WHEN Judah isn’t trying to knock down the daddy problem, he often talks philosophy. He says casually to a friend of my mother’s, “You know, we’re all going to die.” He wants to know the feasibility of the two of us dying together. “I’m going to come see you when I die,” he tells me. A budding scientist, he asks about what people’s faces look like when they die and where they go. I say I don’t really know.
I assure him that he and I won’t die for a very long time. Once, he heard me on the phone to a girlfriend exclaiming, “I could have died then and there!” and he went white.
“Mommy, don’t say that,” he shrieked. “Don’t say that!”

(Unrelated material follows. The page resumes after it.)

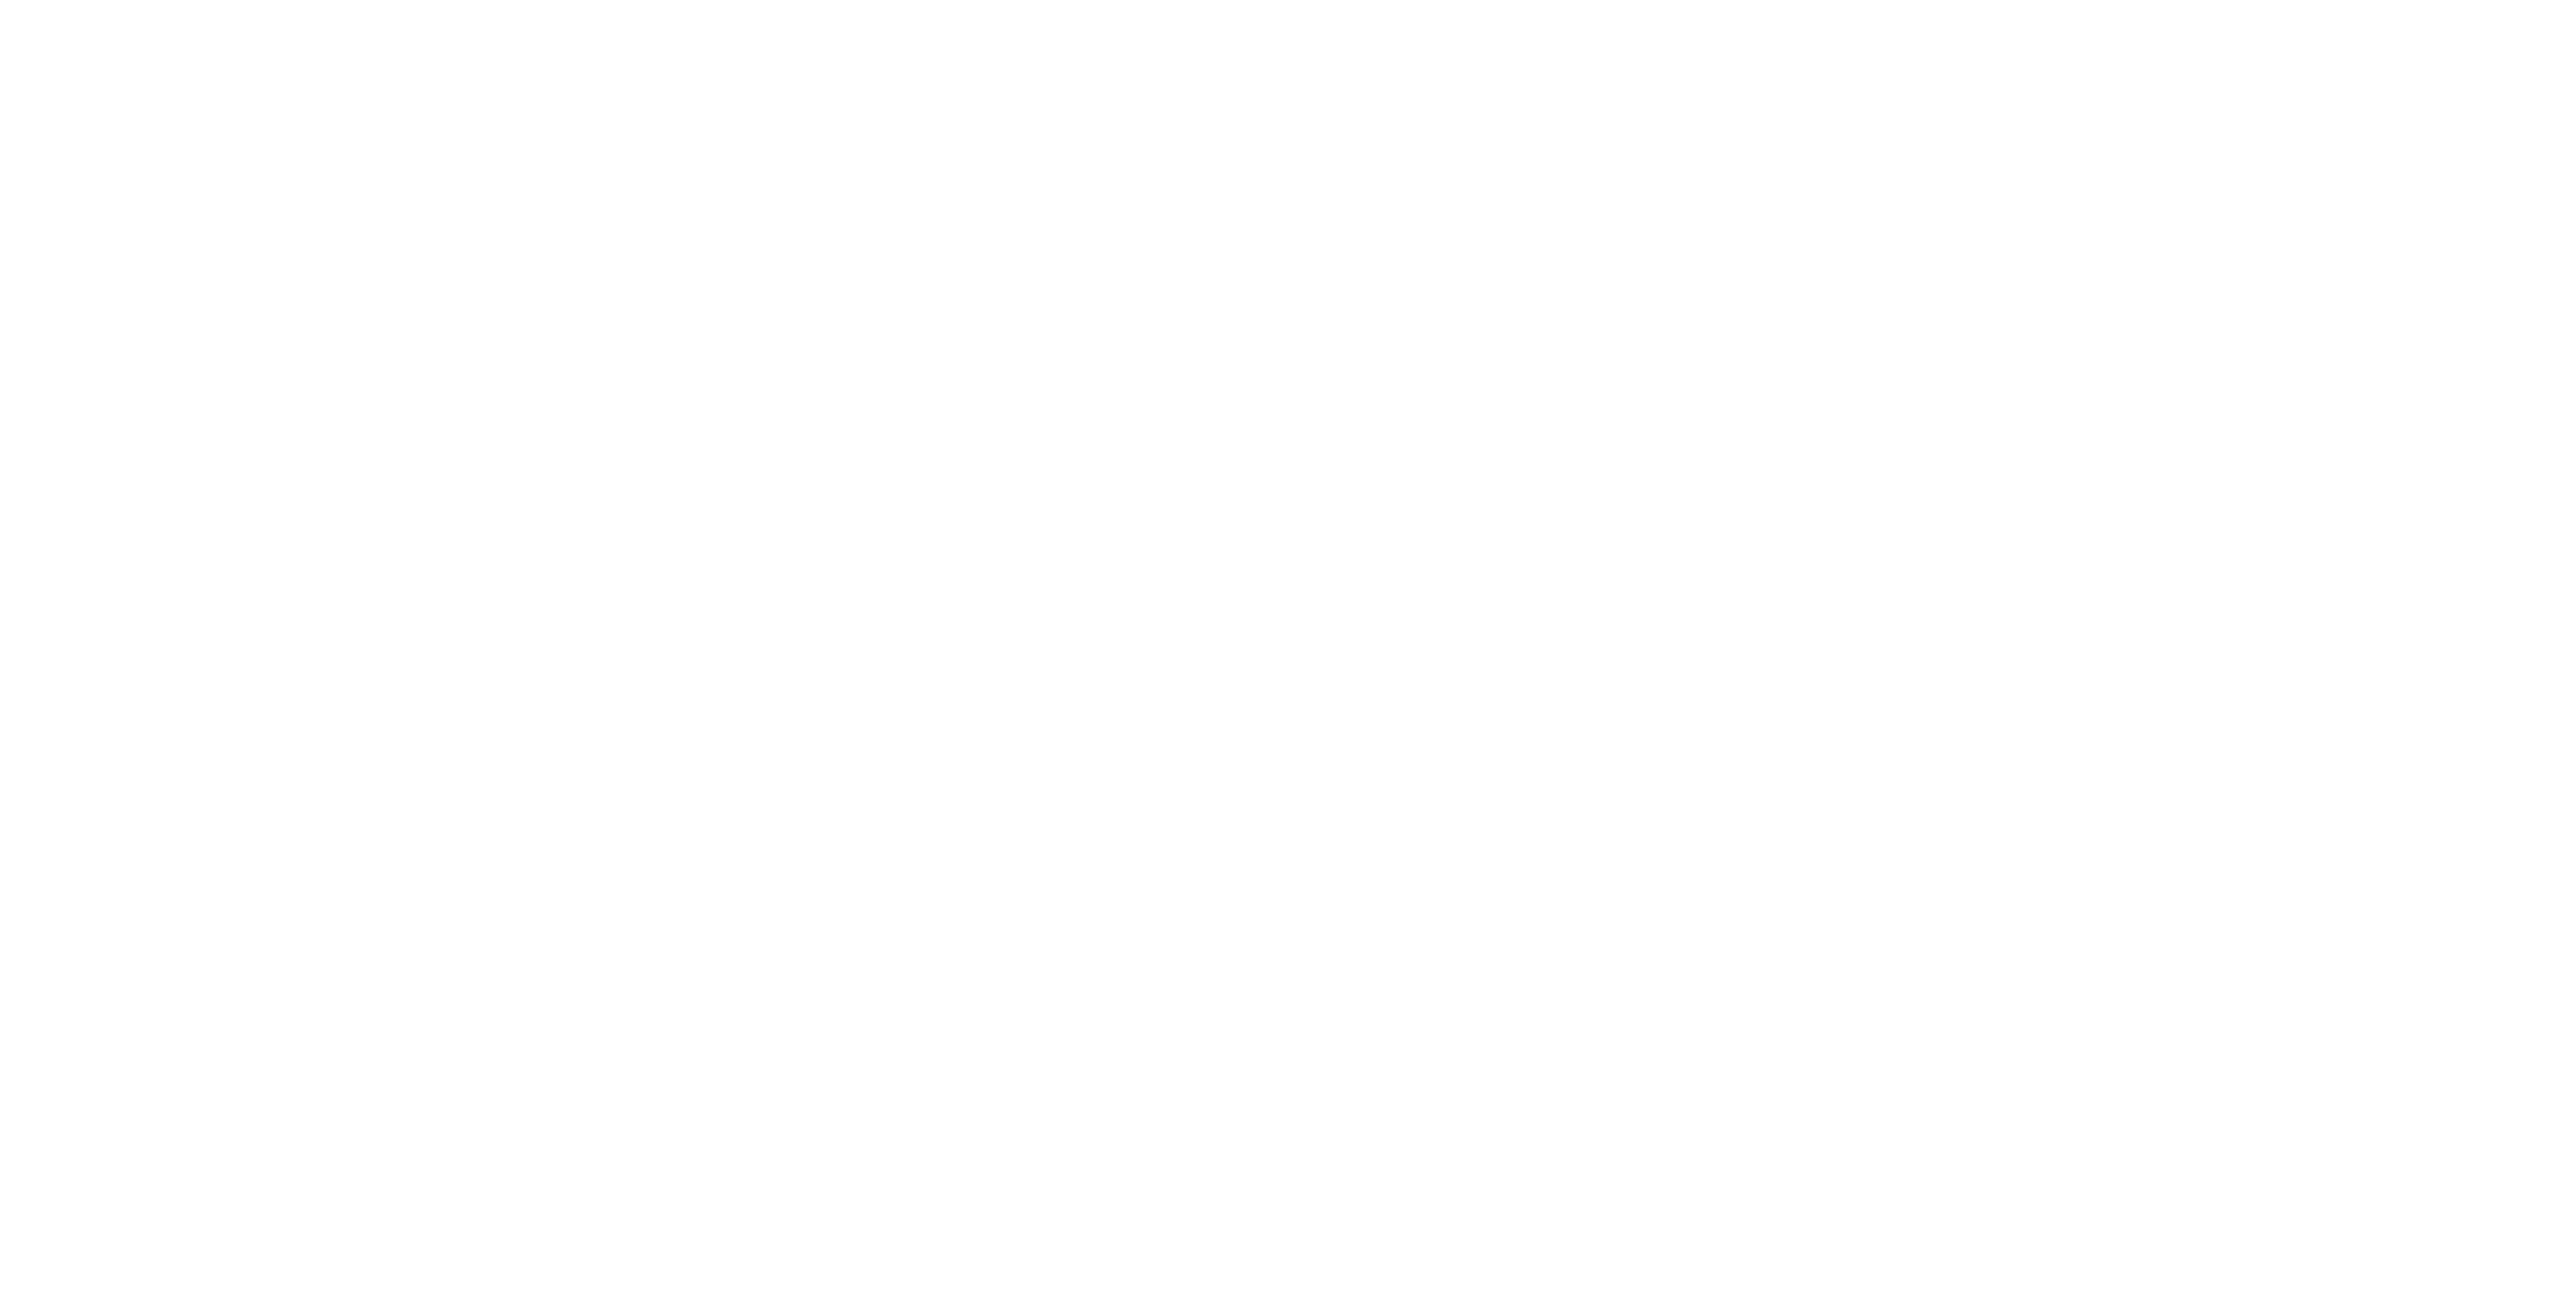 V-KLIC | Wij brengen uw bedrijf verder

I wondered how Judah would react when he heard about Swimmy’s death and asked John to let me know. A few hours later he reported that when he told the children what had happened, one volunteered that her grandmother had died. Another said he had a fish that died, a very old fish. The class agreed that Swimmy had been an old fish, too. And Judah said, “My daddy died.”
Later, another child approached Judah and asked in a worried voice, “Your daddy died?”
Judah nodded.
“Does that mean he’s not coming back?”
Judah put his hand on the other child’s shoulder. “Yes, but it’s O.K.,” he said. “I’m alive. You’re alive. Want to play?”
Victoria Rosner, a writer and English professor, lives in New York City.